While blocking notifications is one way of handling it (I do it), it isn't necessarily addressing the root cause. It is simply putting a block on the symptoms. Even if we have notifications blocked, we still have the tendency to open up the app / email and see what new things we have missed because of the blocked notifications.

The moment the task we are engaged in (even if it is watching a movie) becomes slightly less interesting, even for a few seconds, we tend to divert our attention to something else as it could potentially be more interesting - and we can get more interesting things done without missing out on anything.

So what it takes is a little patience to sit through the task we are engaged in and do it one task at a time.

Multi-tasking works when there is no context switching.

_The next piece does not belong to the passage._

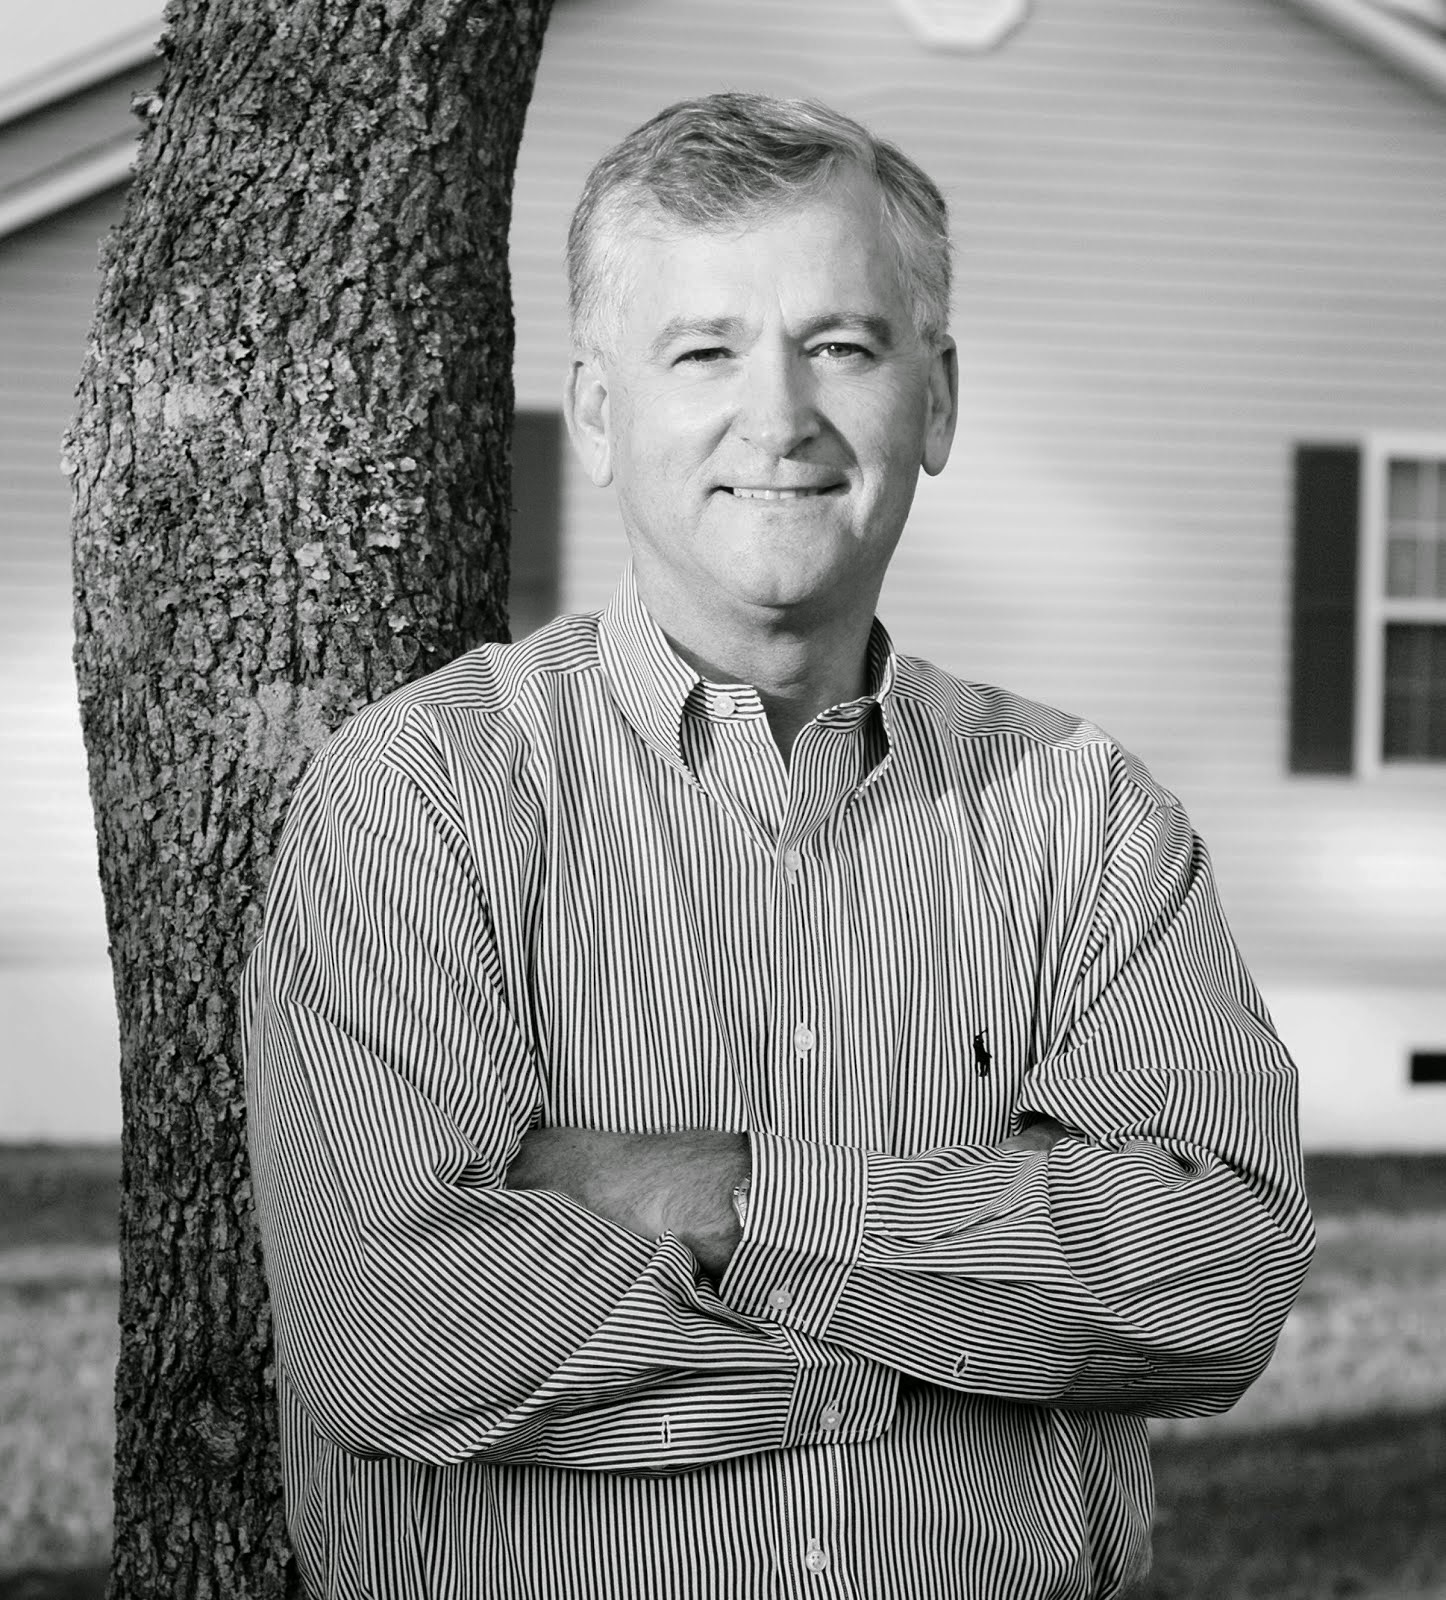 Joel G Hancock

Multi-tasking works when we are engaging different aspects of our attention on different tasks (like listening to a podcast while running).

But it doesn't work when there is context switching.

The one thing that meditation improves is our ability to do just one thing at a time with all our focus. Every time you are completely engaged in a single task and not distracted (internally by your thoughts or externally by notifications), you are meditating.